HAO WU - Emory University

" Modeling intensity data from ABI/SOLiD second-generation sequencing”
27 October 2011 from 4:00 PM to 5:00 PM
111 Tyson Bldg.
Capable of sequencing millions of short DNA fragments in parallel, second-generation sequencing technologies have rapidly revolutionized genomic research. The applications of this technology range from genotyping and structural variation analysis in whole genome studies to transcriptome quantification and reconstruction. Among several available platforms, SOLiD
system from Applied Biosystems Inc. (ABI) provides an unique approach to translate a pair of adjacent nucleotides into one of the four colors during sequencing.
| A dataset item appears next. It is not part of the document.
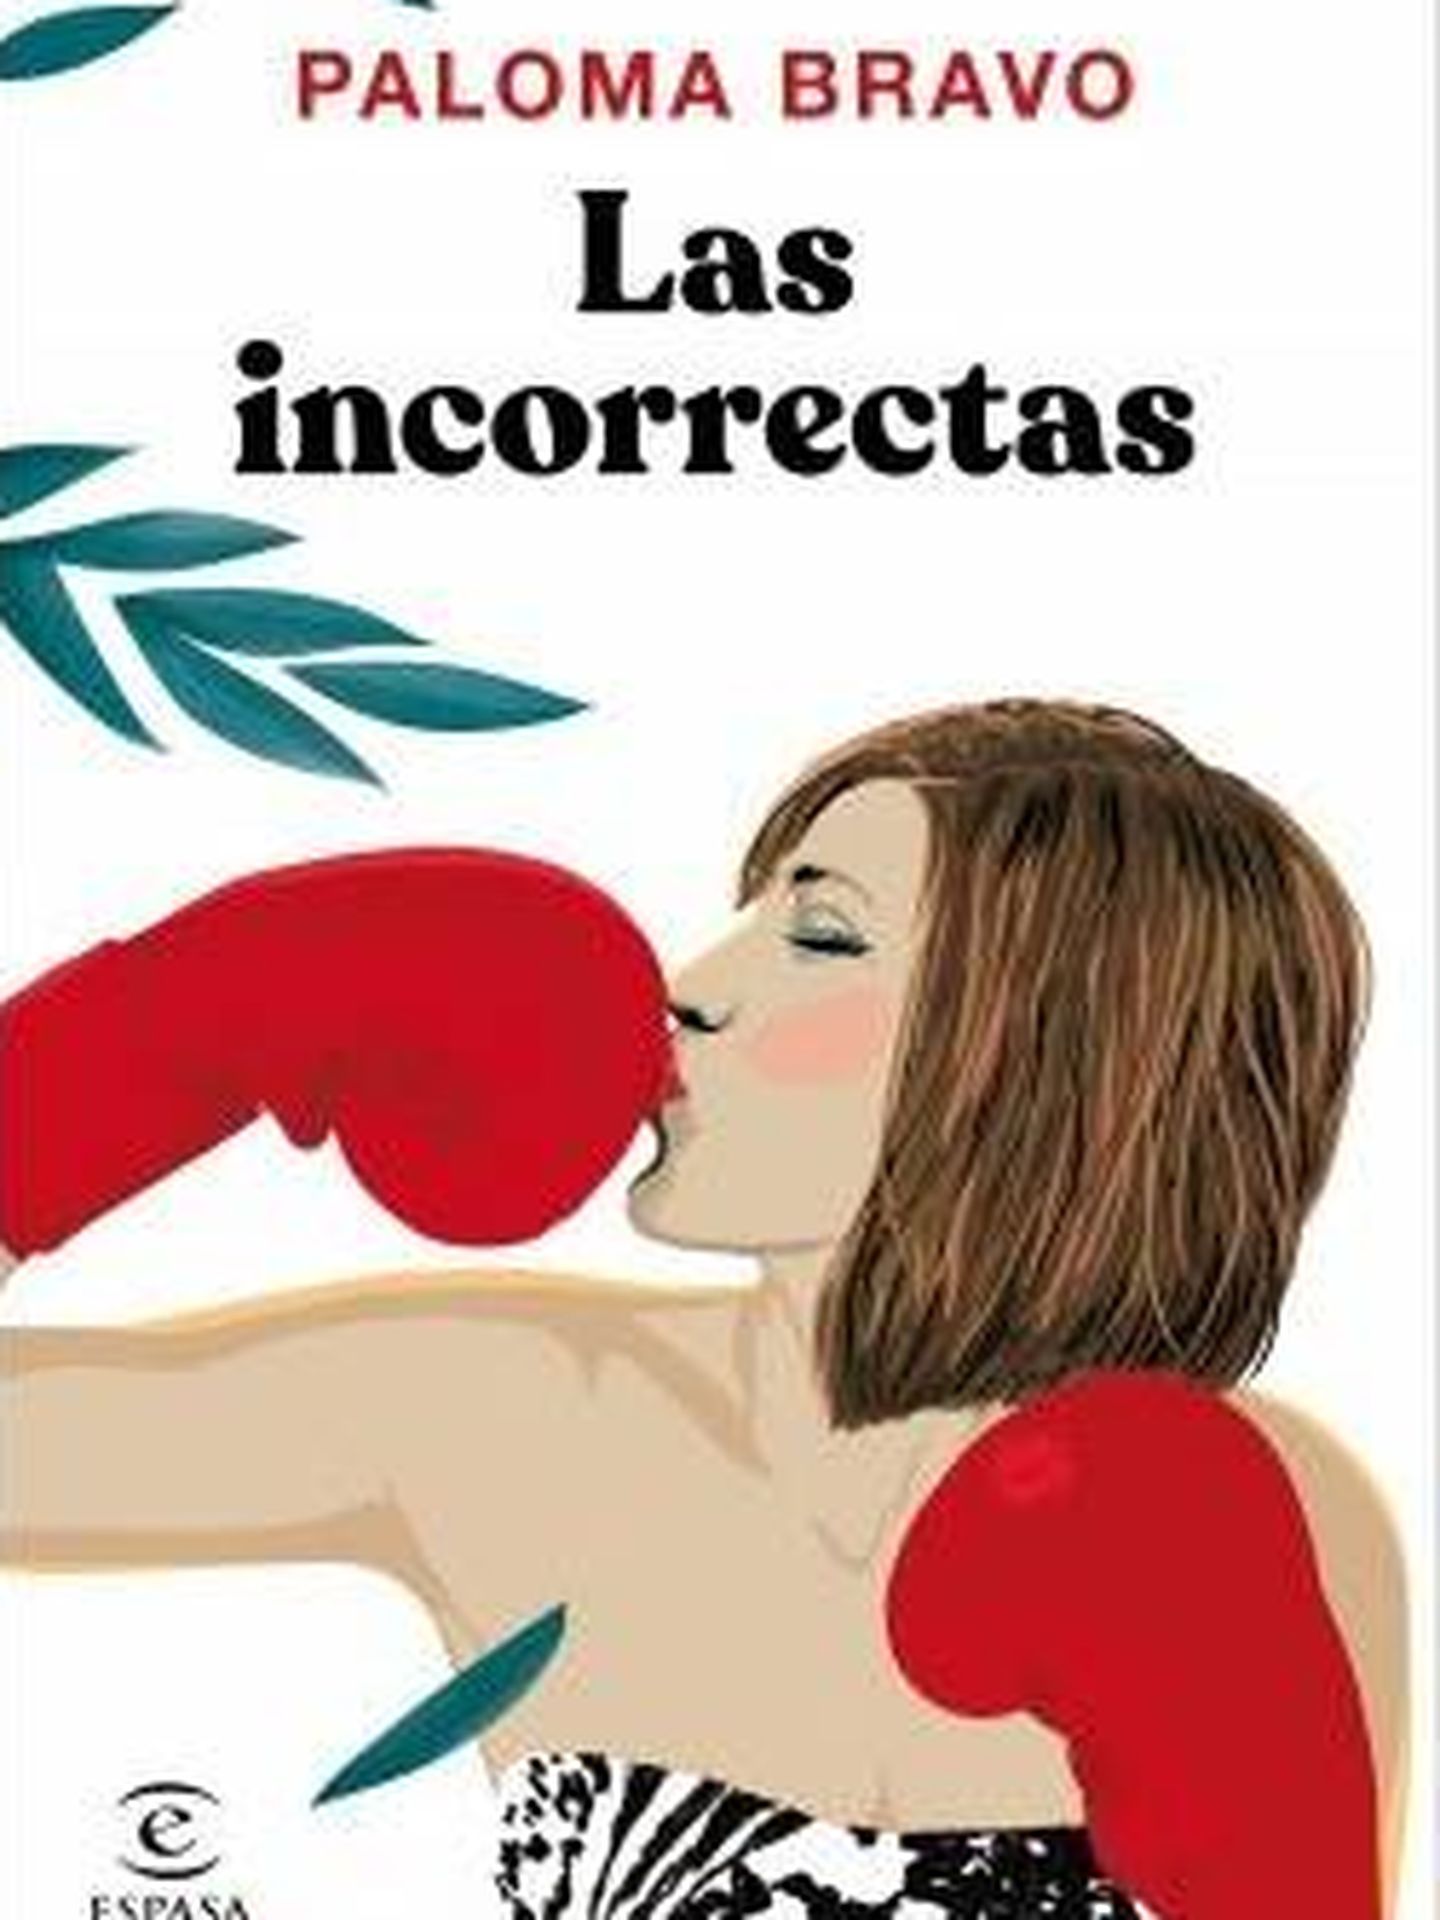 Portada de 'Las incorrectas', la última novela de Paloma Bravo. (Espasa)

The colors reported from the SOLiD system (color-calls) are results of a complicated statistical manipulation of noisy fluorescence intensity measurements, which introduces systematic biases that may mislead
downstream analysis.
In this talk I will first present a simple intensity pre-processing method for correcting these biases. A version of quantile normalization was developed which substantially improves yield and accuracy of calls at a small computational cost. In the second part of the talk, I will present a model based quality assessment of the color reads. A simple linear model was applied to the
intensity measurements to capture the uncertainty arising in the base calling procedures. Compared to the factory provided quality scores, the results from our model provide more insightful read qualities.